КРЫЛЬЯ АНГЕЛА

Был когда-то Борисово. Он и сейчас есть. Но сейчас это уже никакой не посёлок, а полугородской район, утыканный пятиэтажками и снабжённый комбинатом. Это сейчас. А тогда это был — посёлок. Несколько горбатых, непросыхающих улиц, маленькое безымянное озеро, колодец, похожий на дзот, палисадники, из которых глуповато таращились одни и те же пыльные мордастые цветы на мясистых стеблях, и двухэтажная баня из красного кирпича. Баня и сейчас, кажется, здравствует, но ни колодца, ни палисадников давно нет. А озеро не то засыпали, не то оно само убралось подобру-поздорову в свои подземные убежища.
В Борисово я приезжал на каникулы к бабушке. И это было время, ради которого стоило жить. Свобода моя была безграничной, ибо ограничивалась разумно и незаметно.
Несмотря на русское название, народ в посёлке жил смешанный и изъяснялся между собой на причудливом тюрко-славянском койне. Многие русские бабушки отлично понимали и даже говорили по-татарски, а тётя Луша даже знала по памяти некоторые арабские молитвы и могла подсказать при случае.
Тётя Луша была нашею соседкой, часто заходила поболтать с бабушкой, а на Пасху всякий раз приносила выводок тёплых, словно слепленных из глины, яичек.

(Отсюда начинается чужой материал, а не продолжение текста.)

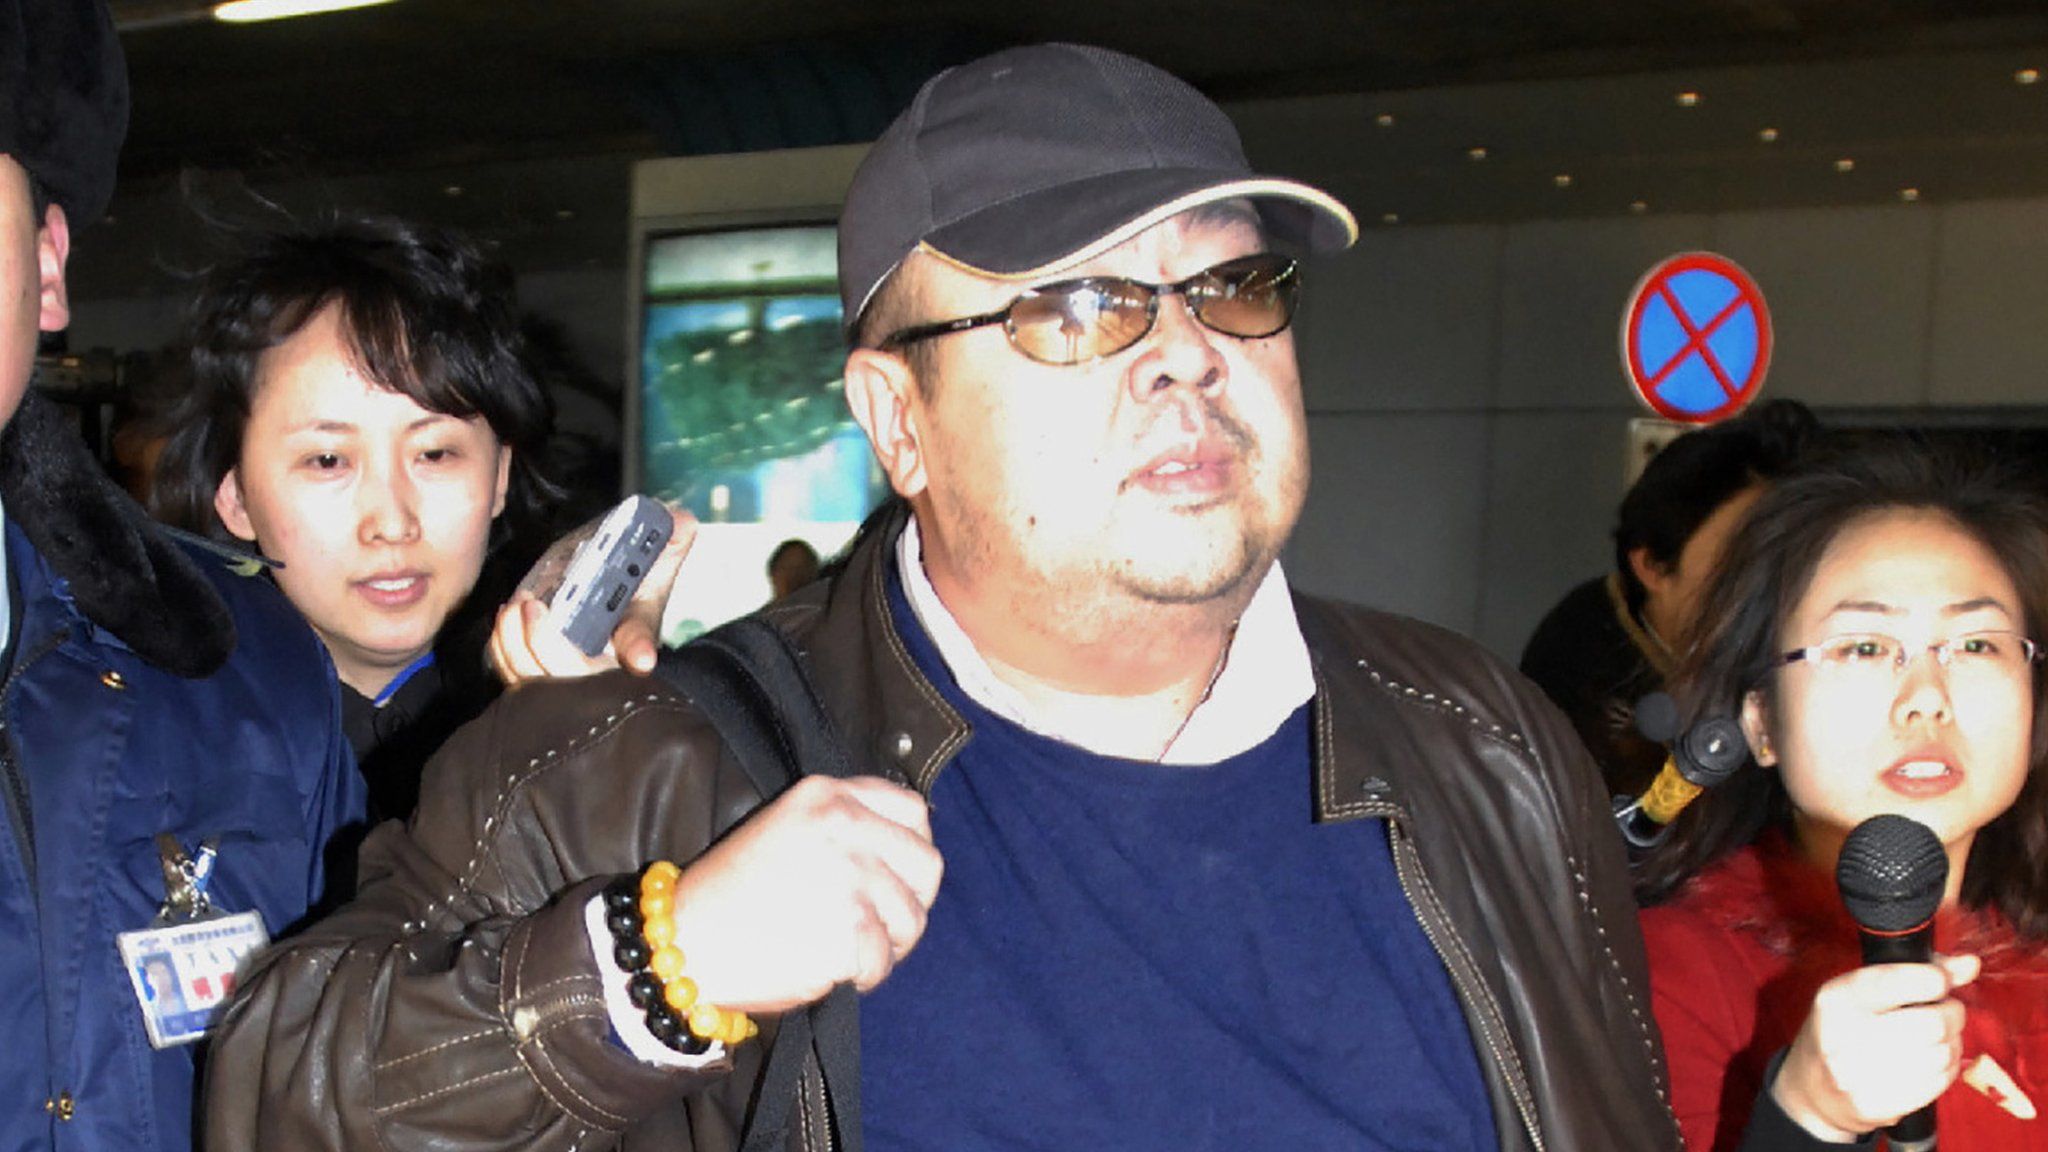 This photo taken on February 11, 2007 shows a man believed to be then-North Korean leader Kim Jong-Il's eldest son, Kim Jong-Nam (C), walking amongst journalists upon his arrival at Beijing's international airport

Но речь не о ней, а скорее о её муже, дяде Саше. Дядя Саша — другое дело. В гости он к нам не ходил, однако здоровался, причём отменно почтительно сгибался в поклоне, снимал клетчатую кепку и проникновенно справлялся о здоровье, отчётливо произнося имя и отчество.
Он был долговяз и тощ, как жердина. По улице ходил с непременной папироской «Север», насвистывая одну и ту же непонятную мелодию.
У тёти Луши и дяди Саши был внук Витька, который, как и я, приезжал в Борисово на лето. Бабушка жалела Витьку: родители его баловались винцом сверх меры и периодически поочерёдно исчезали на просторах страны.
Витька был старше меня на полтора года, посему держался раздражающим высокомерием. Водился больше со старшими пацанами, ходил с ними на заводскую свалку и возвращался с трофеями, при виде которых дрогнет сердце у кого угодно; со стеклянными пробирками причудливых форм, разноцветной проволокой, разными железными ящичками с иностранными буковками и — главное — с резиновыми жгутиками, пригодными для рогаток самострелов Я страдал от зависти и изнывал в играх с сопливой и доверчивой малышнёй. Дорога на свалку мне была заказана. Однако...
***
— Слушай... — Витька замялся, оценил меня долгим, изучающим взглядом, — ты, это, в бога веришь?
— В бога? Нет, конечно. А зачем?
— Зачем, зачем! Зачем люди верят?
— Ну не знаю... От своей несознательности. Смешно даже. Космонавты вон летали и никого там не видали! — бойко ответил я, смутно ожидая подвоха.
— От несознательности! Страсть, какой ты сознательный, карась, — издевательски хохотнул он.
— А ты веришь, что ли, рыжий? — я побагровел от обиды.
— Не-т, поспешно ответил Витька и даже отстранился, — с чего ты взял.
Помолчал и снова спросил:
— Ангелов, значит, тоже нету, получается?
— Нет, конечно! Какие ещё ангелы, — я уже начал злиться. — Ты чего, вообще?!
— Ничего. Просто… у меня дед вчера ангела поймал.
— Кого? — я опешил.
— Да ангела, оглох, что ли, карась?! Настоящего, с крыльями.
— Как это поймал?
— Обыкновенно. Он в роще околь озера в дереве запутался, крыло маленько попортил, видать. А дед как раз на машине мимо проезжал. Ну увидал, с дерева снял посадил в кузов и домой привёз.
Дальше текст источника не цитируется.